- EXERCISE INSTRUCTIONS -
Return the lines below exactly as they appear, please, starting with the first and ending with the one that contains "We need true".

● ● ● ● ● ● ●

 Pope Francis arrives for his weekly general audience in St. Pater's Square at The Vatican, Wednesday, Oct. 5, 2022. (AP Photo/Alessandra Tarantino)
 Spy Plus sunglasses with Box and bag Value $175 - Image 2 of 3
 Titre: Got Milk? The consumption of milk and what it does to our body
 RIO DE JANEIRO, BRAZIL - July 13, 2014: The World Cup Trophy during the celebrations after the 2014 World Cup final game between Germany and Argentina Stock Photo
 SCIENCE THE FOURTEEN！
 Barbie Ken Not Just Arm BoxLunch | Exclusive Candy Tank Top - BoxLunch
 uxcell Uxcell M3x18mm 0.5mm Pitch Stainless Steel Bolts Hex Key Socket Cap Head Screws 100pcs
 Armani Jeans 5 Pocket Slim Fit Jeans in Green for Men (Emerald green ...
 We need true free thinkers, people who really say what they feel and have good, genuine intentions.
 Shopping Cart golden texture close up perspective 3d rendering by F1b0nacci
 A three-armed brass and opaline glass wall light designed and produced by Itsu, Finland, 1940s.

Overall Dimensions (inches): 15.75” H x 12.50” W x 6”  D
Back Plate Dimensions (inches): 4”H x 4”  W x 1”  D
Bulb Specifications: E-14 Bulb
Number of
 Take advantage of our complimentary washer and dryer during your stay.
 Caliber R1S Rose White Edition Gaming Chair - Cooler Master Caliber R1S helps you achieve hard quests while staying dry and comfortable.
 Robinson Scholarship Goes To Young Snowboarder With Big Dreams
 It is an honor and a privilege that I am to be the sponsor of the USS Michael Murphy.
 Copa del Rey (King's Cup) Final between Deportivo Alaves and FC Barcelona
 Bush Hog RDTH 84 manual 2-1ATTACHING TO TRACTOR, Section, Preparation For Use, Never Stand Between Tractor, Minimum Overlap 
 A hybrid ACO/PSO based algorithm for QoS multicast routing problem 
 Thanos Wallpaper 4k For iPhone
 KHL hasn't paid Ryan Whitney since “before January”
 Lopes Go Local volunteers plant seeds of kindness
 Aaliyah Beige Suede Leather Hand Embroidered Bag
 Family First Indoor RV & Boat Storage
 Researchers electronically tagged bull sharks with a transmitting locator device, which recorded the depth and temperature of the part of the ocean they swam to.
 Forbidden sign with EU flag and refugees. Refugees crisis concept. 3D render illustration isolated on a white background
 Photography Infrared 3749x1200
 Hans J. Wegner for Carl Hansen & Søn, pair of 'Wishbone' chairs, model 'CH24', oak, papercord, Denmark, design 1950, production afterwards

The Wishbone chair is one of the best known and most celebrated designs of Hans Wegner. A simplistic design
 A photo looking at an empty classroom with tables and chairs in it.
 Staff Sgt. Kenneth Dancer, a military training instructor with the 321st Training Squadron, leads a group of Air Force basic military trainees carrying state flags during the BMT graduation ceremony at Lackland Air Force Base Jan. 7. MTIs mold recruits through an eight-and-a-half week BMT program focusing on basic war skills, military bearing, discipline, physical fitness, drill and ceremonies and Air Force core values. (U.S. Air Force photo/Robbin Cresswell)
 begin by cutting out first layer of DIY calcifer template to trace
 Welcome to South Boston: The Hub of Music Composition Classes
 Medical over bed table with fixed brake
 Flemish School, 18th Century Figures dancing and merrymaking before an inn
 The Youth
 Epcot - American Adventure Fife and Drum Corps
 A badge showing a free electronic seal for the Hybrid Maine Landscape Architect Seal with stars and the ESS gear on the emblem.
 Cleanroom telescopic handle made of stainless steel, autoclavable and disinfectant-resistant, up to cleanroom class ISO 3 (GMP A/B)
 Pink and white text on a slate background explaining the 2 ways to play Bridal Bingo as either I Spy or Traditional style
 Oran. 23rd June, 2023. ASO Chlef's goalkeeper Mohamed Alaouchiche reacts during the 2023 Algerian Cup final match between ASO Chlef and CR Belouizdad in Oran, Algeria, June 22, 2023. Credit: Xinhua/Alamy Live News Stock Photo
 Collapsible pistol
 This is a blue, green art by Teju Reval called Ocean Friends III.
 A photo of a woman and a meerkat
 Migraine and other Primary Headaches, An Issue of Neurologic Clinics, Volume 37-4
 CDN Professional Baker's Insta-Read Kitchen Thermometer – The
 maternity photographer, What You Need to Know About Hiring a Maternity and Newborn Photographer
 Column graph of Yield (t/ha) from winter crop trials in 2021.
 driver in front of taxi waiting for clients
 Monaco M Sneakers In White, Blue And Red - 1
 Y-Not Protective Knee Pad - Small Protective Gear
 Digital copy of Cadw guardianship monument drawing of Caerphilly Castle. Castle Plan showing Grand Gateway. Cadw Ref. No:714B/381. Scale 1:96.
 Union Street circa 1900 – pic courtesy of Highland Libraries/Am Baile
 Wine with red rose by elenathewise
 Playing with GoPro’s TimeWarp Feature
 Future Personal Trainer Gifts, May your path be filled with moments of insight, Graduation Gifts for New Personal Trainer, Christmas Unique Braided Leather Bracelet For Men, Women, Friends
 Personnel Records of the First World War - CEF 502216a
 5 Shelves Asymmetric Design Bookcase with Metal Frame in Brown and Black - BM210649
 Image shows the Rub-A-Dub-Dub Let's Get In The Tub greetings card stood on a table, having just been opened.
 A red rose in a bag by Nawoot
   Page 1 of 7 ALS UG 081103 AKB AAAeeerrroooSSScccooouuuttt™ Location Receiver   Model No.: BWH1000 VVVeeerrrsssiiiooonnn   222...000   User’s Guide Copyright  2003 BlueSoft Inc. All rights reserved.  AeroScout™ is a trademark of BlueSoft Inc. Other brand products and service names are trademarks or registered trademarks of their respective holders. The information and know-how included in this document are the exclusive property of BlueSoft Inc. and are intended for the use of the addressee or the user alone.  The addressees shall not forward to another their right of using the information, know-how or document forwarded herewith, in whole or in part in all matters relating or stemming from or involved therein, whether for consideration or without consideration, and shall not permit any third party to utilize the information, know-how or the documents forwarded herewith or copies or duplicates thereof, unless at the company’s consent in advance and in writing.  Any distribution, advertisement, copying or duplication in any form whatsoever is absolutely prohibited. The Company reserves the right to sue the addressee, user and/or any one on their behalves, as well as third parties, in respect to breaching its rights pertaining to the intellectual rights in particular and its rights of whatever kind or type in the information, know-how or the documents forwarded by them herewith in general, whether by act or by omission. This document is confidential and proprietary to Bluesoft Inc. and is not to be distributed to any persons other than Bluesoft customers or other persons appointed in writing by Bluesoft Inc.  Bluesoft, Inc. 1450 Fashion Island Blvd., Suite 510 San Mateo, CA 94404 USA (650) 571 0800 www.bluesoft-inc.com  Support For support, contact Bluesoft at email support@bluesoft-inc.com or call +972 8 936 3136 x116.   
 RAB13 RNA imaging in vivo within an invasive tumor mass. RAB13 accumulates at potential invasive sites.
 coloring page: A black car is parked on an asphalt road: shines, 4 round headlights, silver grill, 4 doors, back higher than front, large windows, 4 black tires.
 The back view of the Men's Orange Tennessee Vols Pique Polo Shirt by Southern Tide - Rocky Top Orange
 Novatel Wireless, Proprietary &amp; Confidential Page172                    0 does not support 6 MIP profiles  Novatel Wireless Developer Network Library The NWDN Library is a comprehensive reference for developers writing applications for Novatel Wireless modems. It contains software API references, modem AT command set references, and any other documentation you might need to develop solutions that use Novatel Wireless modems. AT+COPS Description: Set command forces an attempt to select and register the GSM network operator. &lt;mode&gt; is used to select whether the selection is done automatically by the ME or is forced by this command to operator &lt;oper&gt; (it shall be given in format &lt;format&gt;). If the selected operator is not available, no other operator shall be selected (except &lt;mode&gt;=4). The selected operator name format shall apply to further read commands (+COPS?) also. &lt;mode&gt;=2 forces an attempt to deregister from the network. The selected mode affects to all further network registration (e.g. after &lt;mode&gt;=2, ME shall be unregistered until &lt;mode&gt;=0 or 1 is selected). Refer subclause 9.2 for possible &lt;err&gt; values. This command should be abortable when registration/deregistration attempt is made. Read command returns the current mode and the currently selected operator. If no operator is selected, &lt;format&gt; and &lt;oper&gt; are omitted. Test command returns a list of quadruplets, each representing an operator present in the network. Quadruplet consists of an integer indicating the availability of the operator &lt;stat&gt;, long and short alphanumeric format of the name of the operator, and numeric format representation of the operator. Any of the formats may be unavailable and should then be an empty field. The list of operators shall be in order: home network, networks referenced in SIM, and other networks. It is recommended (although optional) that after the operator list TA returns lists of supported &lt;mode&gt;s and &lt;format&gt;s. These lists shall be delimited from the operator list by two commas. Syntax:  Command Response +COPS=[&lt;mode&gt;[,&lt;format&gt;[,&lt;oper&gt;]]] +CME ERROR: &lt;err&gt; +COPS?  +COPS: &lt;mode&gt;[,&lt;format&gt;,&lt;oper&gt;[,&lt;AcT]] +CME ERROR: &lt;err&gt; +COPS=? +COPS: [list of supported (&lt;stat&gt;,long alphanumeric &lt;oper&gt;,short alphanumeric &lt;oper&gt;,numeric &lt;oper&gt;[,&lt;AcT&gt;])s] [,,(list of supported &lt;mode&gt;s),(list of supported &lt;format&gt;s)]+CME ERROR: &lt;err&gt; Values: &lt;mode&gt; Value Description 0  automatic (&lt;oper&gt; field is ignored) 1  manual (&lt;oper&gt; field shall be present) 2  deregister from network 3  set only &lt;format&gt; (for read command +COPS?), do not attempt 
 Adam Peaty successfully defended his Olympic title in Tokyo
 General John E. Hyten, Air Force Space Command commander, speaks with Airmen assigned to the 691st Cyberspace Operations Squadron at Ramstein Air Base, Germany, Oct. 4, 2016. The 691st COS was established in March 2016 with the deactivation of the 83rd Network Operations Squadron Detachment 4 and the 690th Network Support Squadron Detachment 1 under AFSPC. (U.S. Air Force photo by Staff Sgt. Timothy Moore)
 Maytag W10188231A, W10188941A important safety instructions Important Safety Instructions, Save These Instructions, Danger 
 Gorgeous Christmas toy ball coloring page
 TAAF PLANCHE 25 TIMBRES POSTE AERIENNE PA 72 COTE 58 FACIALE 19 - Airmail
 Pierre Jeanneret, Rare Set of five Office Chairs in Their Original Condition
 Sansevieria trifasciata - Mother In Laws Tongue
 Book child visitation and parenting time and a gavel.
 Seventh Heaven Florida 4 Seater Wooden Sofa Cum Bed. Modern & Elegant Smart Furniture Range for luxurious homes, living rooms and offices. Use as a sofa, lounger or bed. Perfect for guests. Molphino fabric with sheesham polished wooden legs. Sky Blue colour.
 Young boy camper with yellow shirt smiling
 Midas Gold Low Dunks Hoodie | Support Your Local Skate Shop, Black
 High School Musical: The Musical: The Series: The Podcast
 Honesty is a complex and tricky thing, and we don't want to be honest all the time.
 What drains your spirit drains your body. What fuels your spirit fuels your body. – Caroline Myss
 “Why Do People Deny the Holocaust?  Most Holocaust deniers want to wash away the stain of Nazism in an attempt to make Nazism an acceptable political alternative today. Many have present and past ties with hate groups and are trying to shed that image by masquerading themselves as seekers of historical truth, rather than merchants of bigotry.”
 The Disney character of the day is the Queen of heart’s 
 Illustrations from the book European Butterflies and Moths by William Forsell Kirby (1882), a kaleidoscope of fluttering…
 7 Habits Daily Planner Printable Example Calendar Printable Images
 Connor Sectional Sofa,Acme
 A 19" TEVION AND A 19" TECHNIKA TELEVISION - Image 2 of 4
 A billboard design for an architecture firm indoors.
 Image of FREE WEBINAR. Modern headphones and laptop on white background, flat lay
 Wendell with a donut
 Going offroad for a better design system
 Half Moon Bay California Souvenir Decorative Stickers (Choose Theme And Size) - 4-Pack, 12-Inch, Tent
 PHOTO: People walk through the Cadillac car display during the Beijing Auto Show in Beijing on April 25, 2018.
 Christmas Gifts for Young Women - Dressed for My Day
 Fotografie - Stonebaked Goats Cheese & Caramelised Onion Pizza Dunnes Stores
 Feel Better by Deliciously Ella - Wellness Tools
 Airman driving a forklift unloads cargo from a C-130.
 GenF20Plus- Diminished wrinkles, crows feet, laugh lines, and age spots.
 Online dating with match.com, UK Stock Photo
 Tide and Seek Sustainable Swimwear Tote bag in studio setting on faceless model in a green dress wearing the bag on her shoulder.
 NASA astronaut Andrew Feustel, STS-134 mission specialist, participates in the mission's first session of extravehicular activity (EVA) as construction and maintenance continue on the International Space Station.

● ● ● ● ● ● ●

- RESPONSE TO THIS TASK -
 Pope Francis arrives for his weekly general audience in St. Pater's Square at The Vatican, Wednesday, Oct. 5, 2022. (AP Photo/Alessandra Tarantino)
 Spy Plus sunglasses with Box and bag Value $175 - Image 2 of 3
 Titre: Got Milk? The consumption of milk and what it does to our body
 RIO DE JANEIRO, BRAZIL - July 13, 2014: The World Cup Trophy during the celebrations after the 2014 World Cup final game between Germany and Argentina Stock Photo
 SCIENCE THE FOURTEEN！
 Barbie Ken Not Just Arm BoxLunch | Exclusive Candy Tank Top - BoxLunch
 uxcell Uxcell M3x18mm 0.5mm Pitch Stainless Steel Bolts Hex Key Socket Cap Head Screws 100pcs
 Armani Jeans 5 Pocket Slim Fit Jeans in Green for Men (Emerald green ...
 We need true free thinkers, people who really say what they feel and have good, genuine intentions.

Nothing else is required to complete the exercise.